Unified Security
The UnifiedSecurityHandler is a powerful middleware that consolidates various security mechanisms into a single handler. It is designed to simplify security configuration, especially in complex environments like a shared light-gateway, where different paths might require different authentication methods.
By using the UnifiedSecurityHandler, you avoid chaining multiple security-specific handlers (like BasicAuthHandler, JwtVerifyHandler, ApiKeyHandler) and can manage all security policies in one place.
Configuration
The configuration for this handler is defined in unified-security.yml.
Example unified-security.yml
# Unified security configuration.
---
# Indicate if this handler is enabled.
enabled: ${unified-security.enabled:true}
# Anonymous prefixes configuration. Request paths starting with these prefixes bypass all security.
anonymousPrefixes: ${unified-security.anonymousPrefixes:}
# Path prefix security configuration.
pathPrefixAuths:
- prefix: /api/v1
basic: false
jwt: true
sjwt: false
swt: false
apikey: false
jwkServiceIds: com.networknt.petstore-1.0.0
- prefix: /api/v2
basic: true
jwt: true
apikey: true
jwkServiceIds: service1,service2
Configuration Parameters
| Parameter | Description |
|---|---|
enabled | Whether the UnifiedSecurityHandler is active. |
anonymousPrefixes | A list of path prefixes that do not require any authentication. |
pathPrefixAuths | A list of configurations defining security policies for specific path prefixes. |
Path Prefix Auth Fields
| Field | Description |
|---|---|
prefix | The request path prefix this policy applies to. |
basic | Enable Basic Authentication verification. |
jwt | Enable standard JWT verification (with scope check). |
sjwt | Enable Simple JWT verification (signature check only, no scope check). |
swt | Enable Shared Secret Token (SWT) verification. |
apikey | Enable API Key verification. |
jwkServiceIds | Comma-separated list of service IDs for JWK lookup (used if jwt is true). |
sjwkServiceIds | Comma-separated list of service IDs for JWK lookup (used if sjwt is true). |
swtServiceIds | Comma-separated list of service IDs for introspection servers (used if swt is true). |
How it works
- Anonymous Check: The handler first checks if the request path matches any prefix in
anonymousPrefixes. If it does, the request proceeds to the next handler immediately. - Path Policy Lookup: The handler iterates through
pathPrefixAuthsto find a match for the request path. - Authentication Execution:
- If Basic, JWT, SJWT, or SWT is enabled, the handler looks for the
Authorizationheader. - It identifies the authentication type (Basic vs. Bearer).
- For Bearer tokens, it determines if the token is a JWT/SJWT or an SWT.
- If SJWT (Simple JWT) is enabled, it can differentiate between a full JWT (with scopes) and a Simple JWT (without scopes) and invoke the appropriate verification logic.
- If multiple methods are enabled (e.g., both JWT and Basic), it attempts to verify based on the provided credentials.
- If ApiKey is enabled, it checks for the API key in the configured headers/parameters.

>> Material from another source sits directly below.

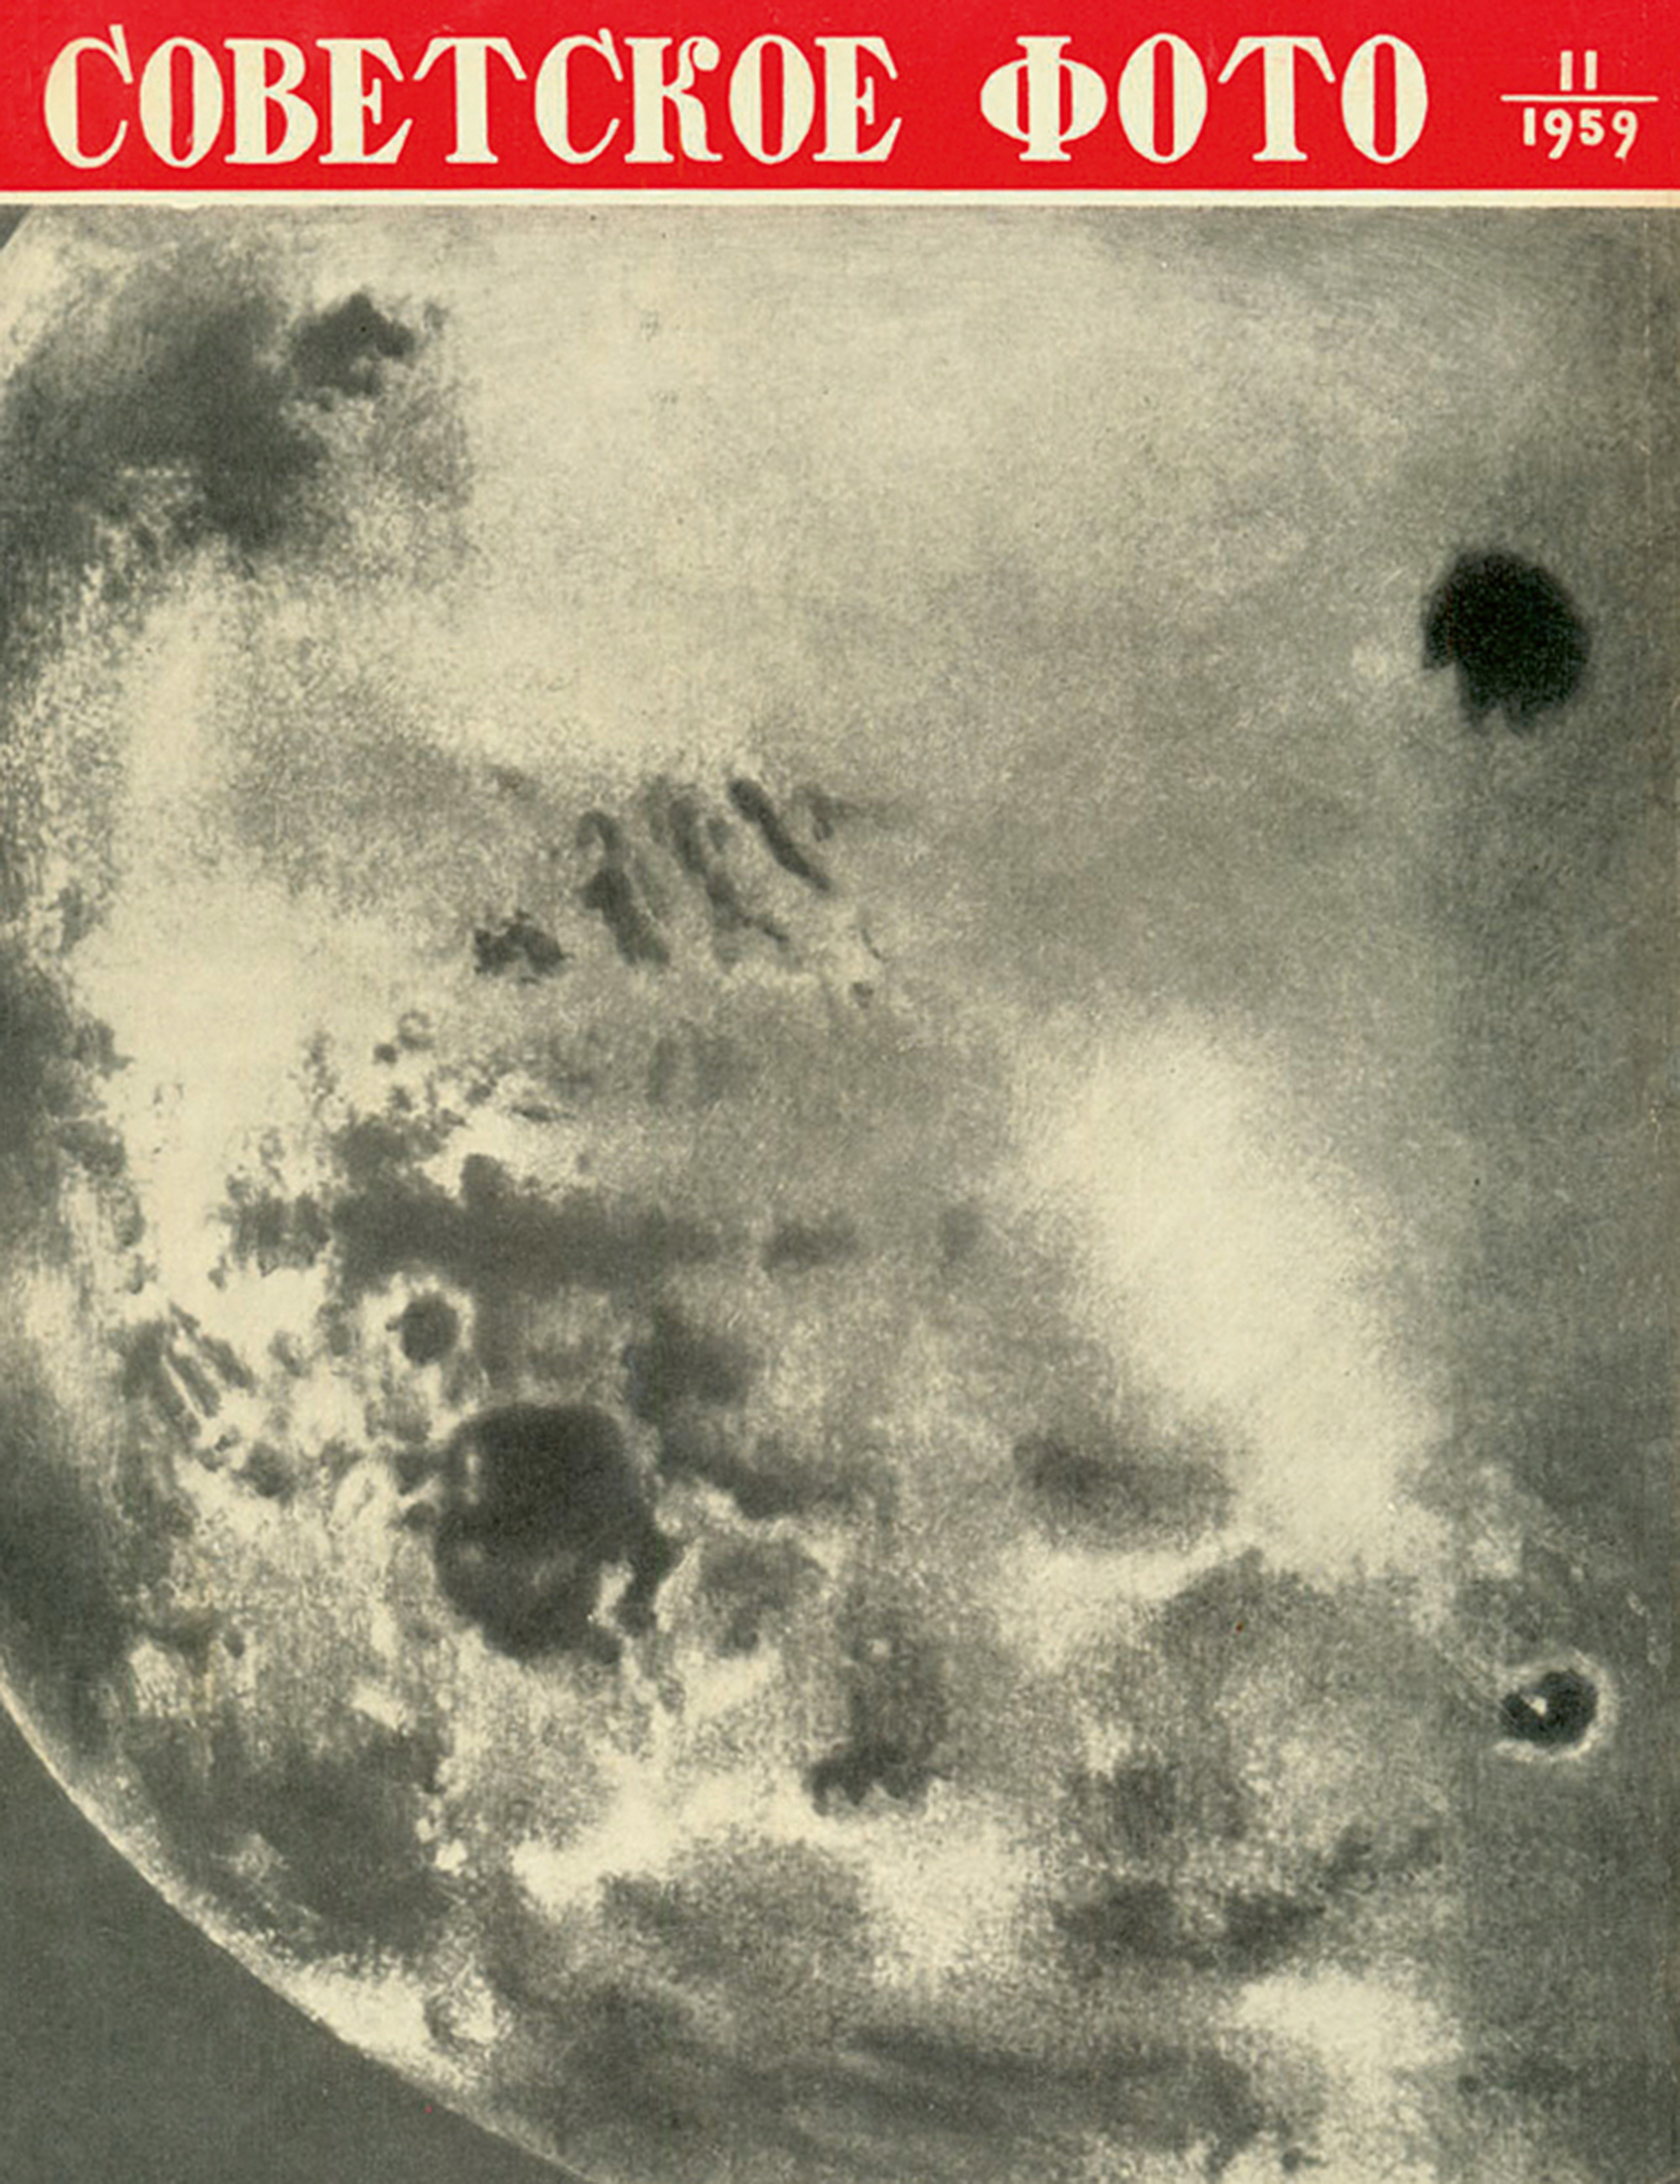 Первое изображение обратной стороны Луны Луна-3 1959

- If Basic, JWT, SJWT, or SWT is enabled, the handler looks for the
Benefits
- Centralized Management: Configure all security policies for the entire gateway or service in one file.
- Reduced Performance Overhead: Minimizes the number of handlers in the middleware chain.
- Flexibility: Supports different security requirements for different API versions or functional areas.
- Dynamic Discovery: Supports multiple JWK or introspection services per path prefix, enabling integration with multiple identity providers.